Apparently this is some strange new usage of "Plain Old Text" that I was not previously aware of.

Re:Wait ...

pudge on 2005-07-07T16:45:25

Plain Old Text still allows HTML, but it takes care of newlines, and it's worked that way for years in Slash without too many complaints.

We'd get a lot more if it worked as you wanted it to. You wanted Extrans. Which has a lame name. But oh well.

Re:Wait ...

pudge on 2005-07-07T16:43:56

It's not a subtlety: there is simply no need to encode ' and " anywhere but in attributes.

Also, &apos; is illegal in HTML. It's only a named entity in XHTML.

Re:Wait ...

brianiac on 2005-07-07T17:31:30

But not even all attributes require &quot:, only attributes that use " as a delmiter.
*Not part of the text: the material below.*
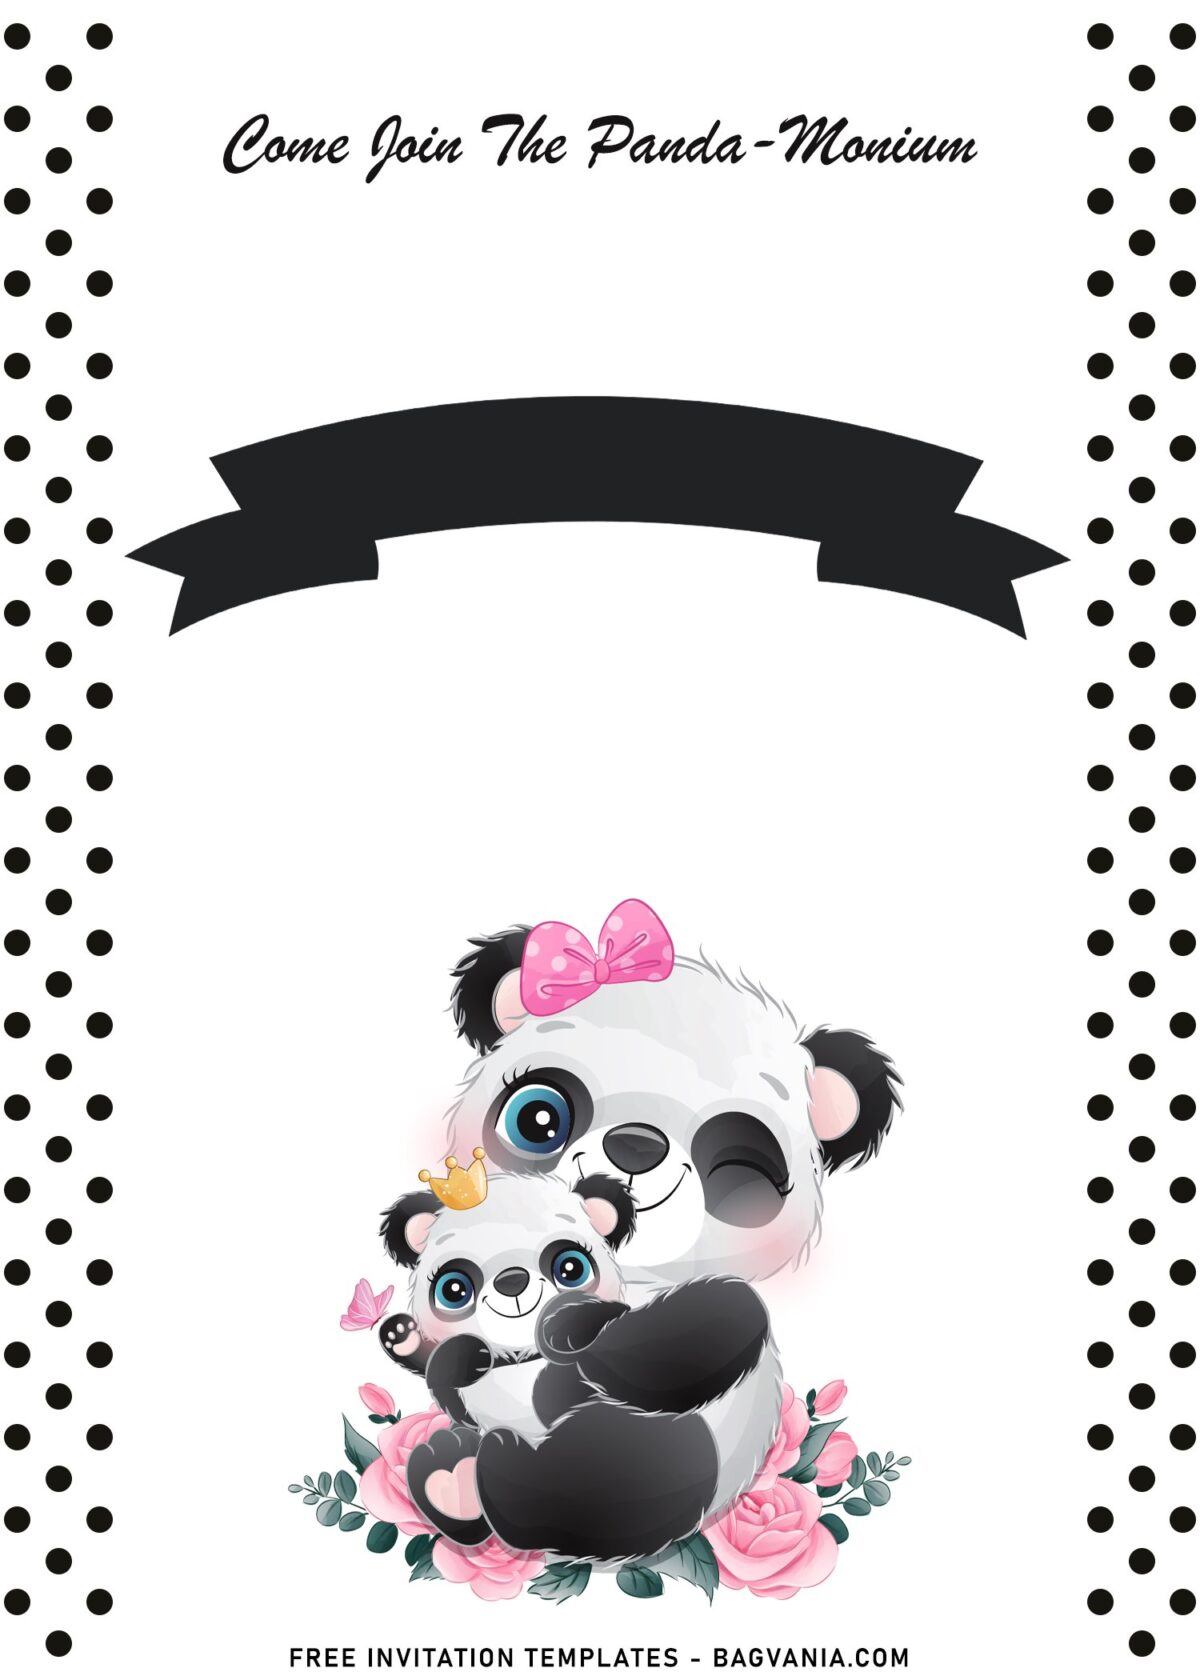 11+ Fluffy Panda Birthday Invitation Templates For Your Kid's Birthday with mommy panda and her baby

My original intent was a single clear rule, without dithering or qualifying that could be used as an excuse to ignore this process based on complexity.

I work with several third-party vendors in the financial sector, who have a great deal to learn about web development. This is meant to be simple enough to remember for those writing home banking, bill payment, loan application, and other web apps, but also apps from any other sector (niche software needing the biggest shove).

The lack of &apos; in the HTML spec is obviously an oversight by the W3C. Why would ' -delimited attributes not be given the same escape mnemonic capacity (&#39; or &#x27; just aren't as easy to remember) that " -delimited attributes are?

However, the point is taken. See if the update seems better to you.

Re:Wait ...

pudge on 2005-07-07T17:47:31

I'd say a better rule is to not delimit attributes with ', and use onle ", as God intended. :-)

As to why &apos; is missing, no idea, but yeah, it seems lame. But as everyone seems to accept it (except for proper strict validators that know about entities), it's not something I'd personally care too much about. Just offering it as a footnote.

Re:Wait ...

dws on 2005-07-07T18:29:13

So people are resisting what? A rule of thumb?

Re:Wait ...

brianiac on 2005-07-07T23:42:18

Yes. Perhaps more properly, a simplified version of the spec. Too much truly lousy HTML is being generated.